Chroniqué par Nicolas Gilles
Ce vieux vicelard de Wario a trouvé le moyen d'ouvrir une faille spatio-temporelle lui permettant d'investir le monde de Bomberman.Et nous voilà partis pour de nouvelles aventures, qui n'ont au passage rien à voir avec tout ce que l'on a pu voir sur Mario jusqu'à maintenant.

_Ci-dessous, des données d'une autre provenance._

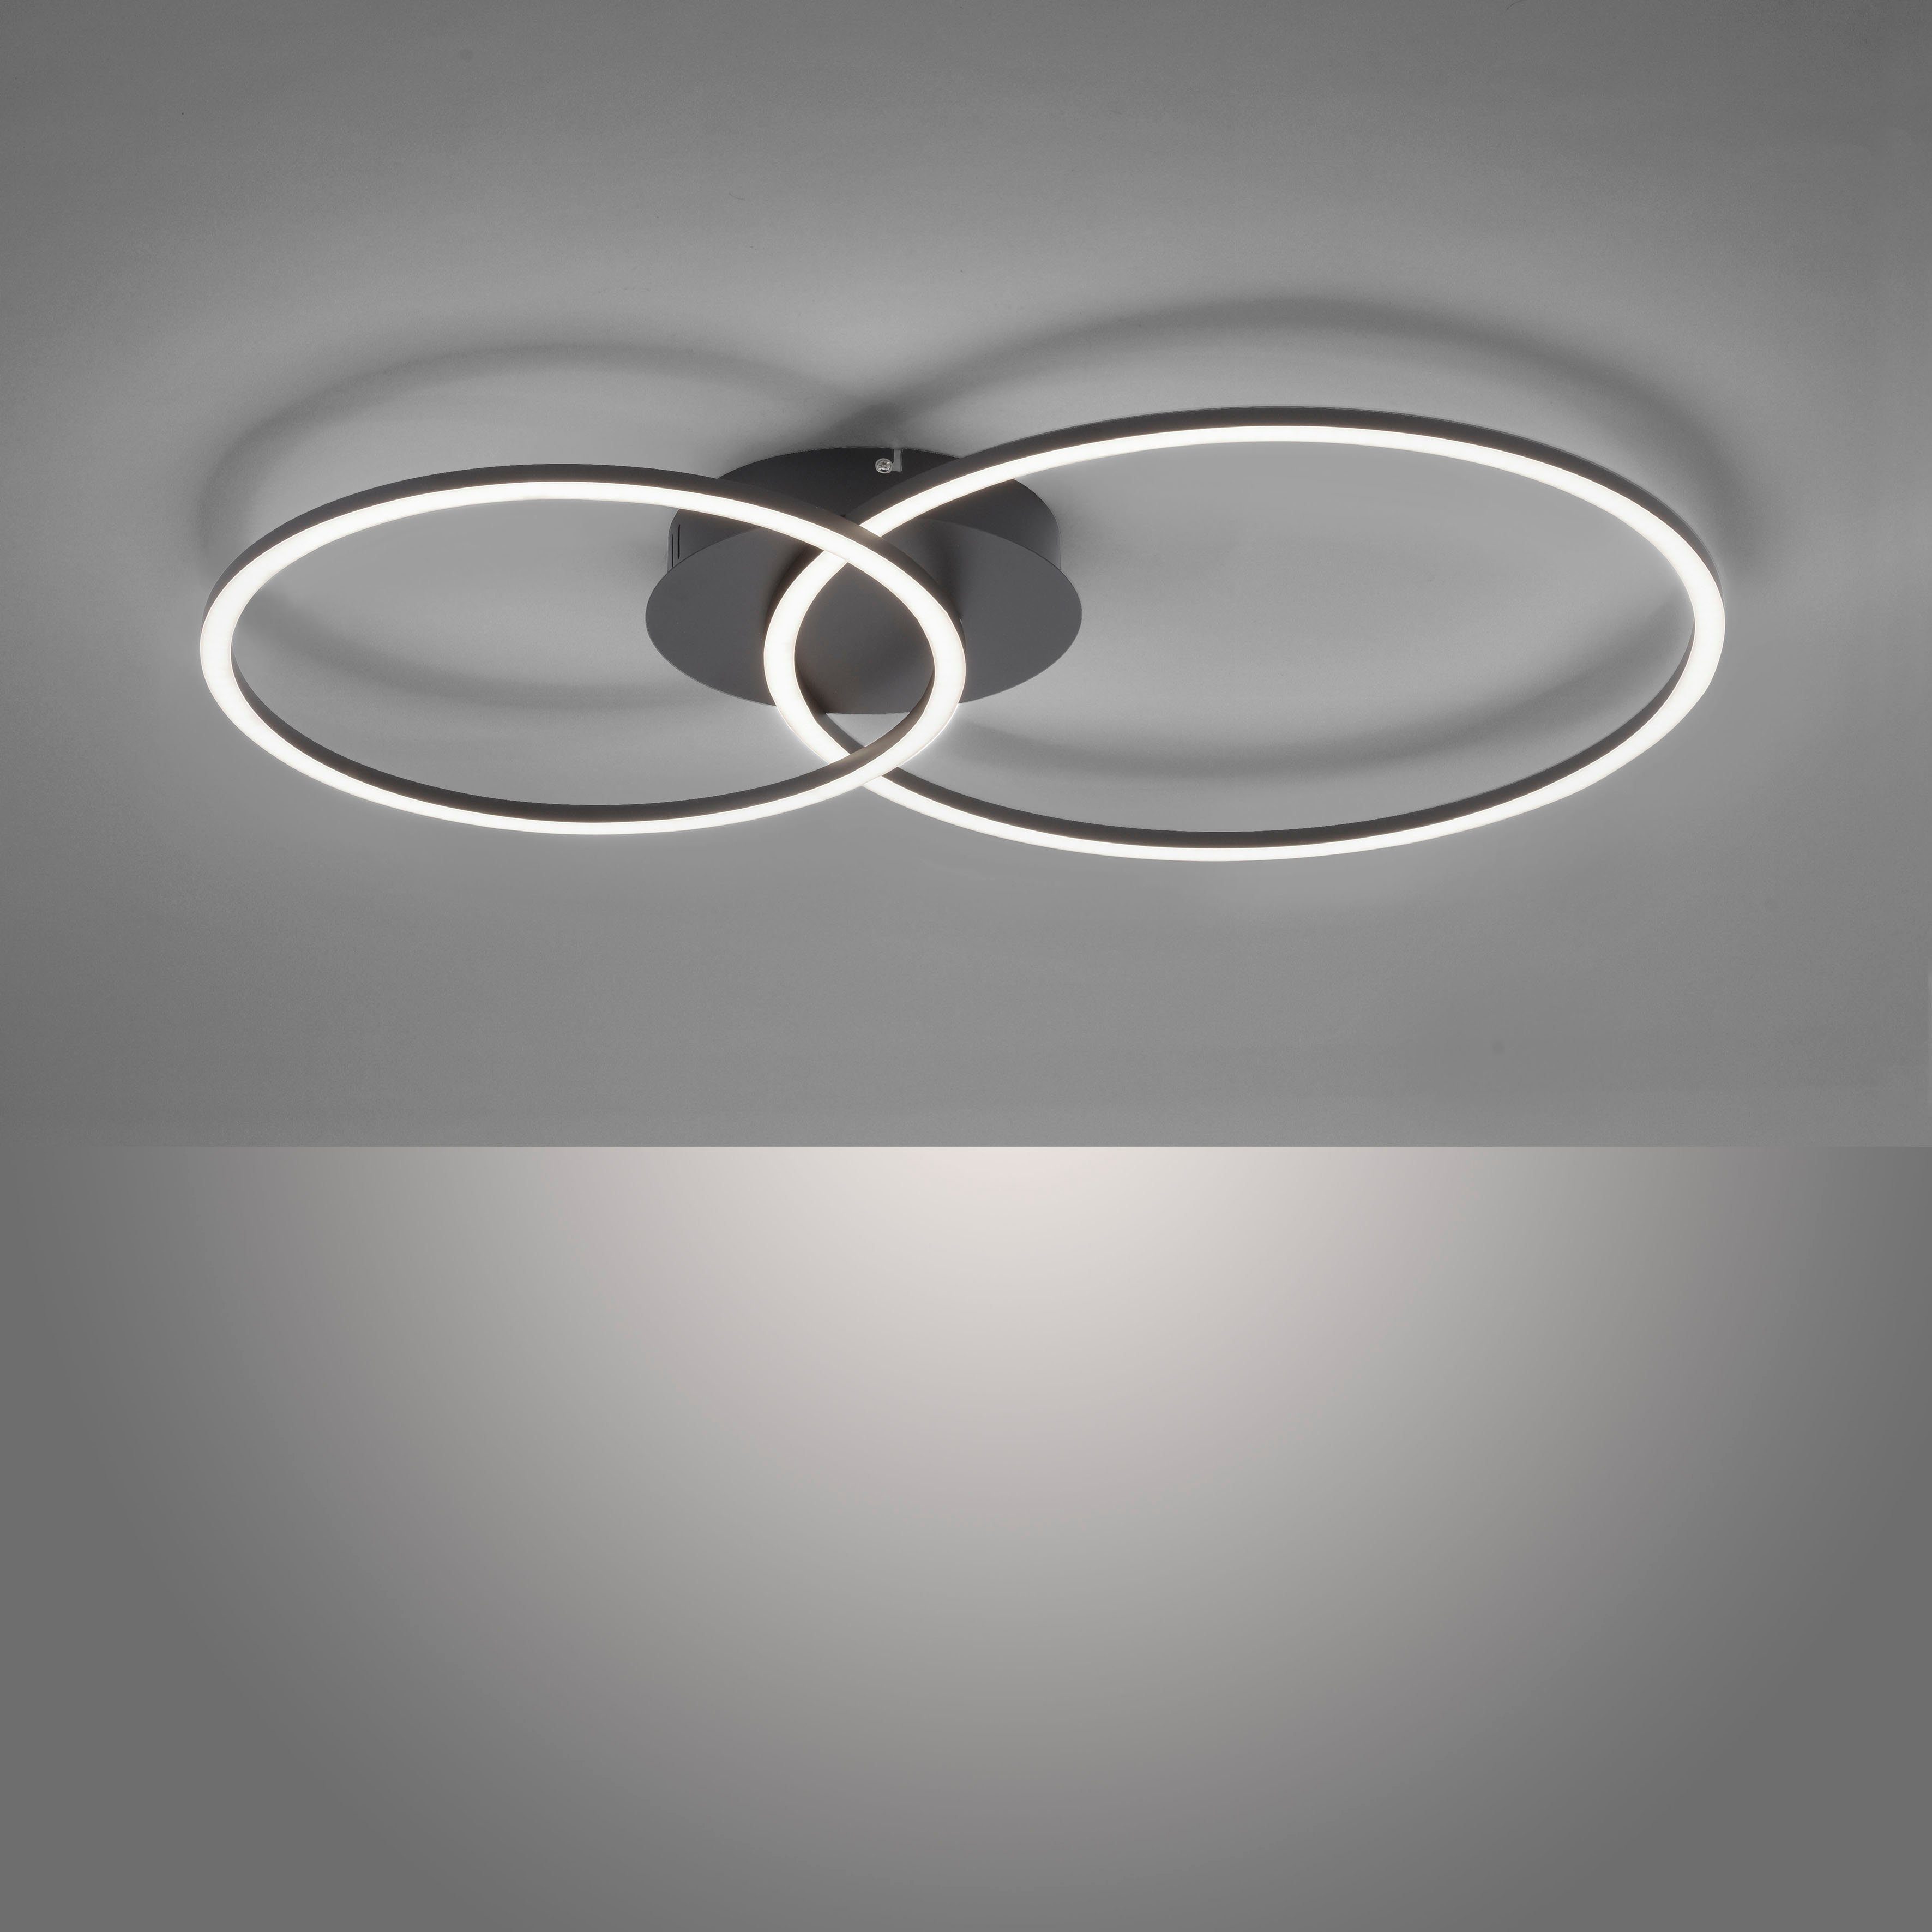 Leuchten IVANKA, LED dimmbar stufenlos Deckenleuchte Ring über Wandschalter, ein den Direkt LED Memoryfunktion, schwenkbar mehrere Helligkeitsstufen, ist Dimmfunktion, wechselbar,

En clair, ce jeu n'est qu'une simple copie officielle de Bomberman. Il est d'ailleurs possible d'incarner soit Wario, soit Bomberman.
Contrairement au jeu de Hudson, même le mode solo est un pseudo mode multijoueurs. Ah, on me fait signe qu'il n'y a pas de mode multijoueurs dans Wario Blast. On y perd donc ici tout ce qui fait l'attrait d'un Bomberman. Passons, et tentons de continuer.

Wario Blast sur Game Boy.
On doit donc passer trois manches pour terminer un niveau. Pour gagner une manche c'est simple : rester le dernier en vie ! L'IA des adversaires n'étant vraiment pas très élevée, ce ne sera pas trop difficile... Sauf que lorsque l'on en a trois qui se mettent à faire n'importe quoi en posant des bombes partout, on risque bien vite de se retrouver entre deux feux et de perdre la manche !
On retrouve les classiques flammes qui permettant d'exploser plus large, les bombes qui permettent de poser une bombe supplémentaire, le gant qui permet de lancer la bombe, les chaussures pour aller plus vite et enfin la possibilité même de frapper les adversaires.
Une fois les trois manches gagnées, l'accès au boss se débloque. On a huit niveaux comme ça, avec un système de mot de passe entre les niveaux.
Rien de bien folichon donc, puisque le fait de jouer seul à ce jeu lui retire pratiquement tout son intérêt.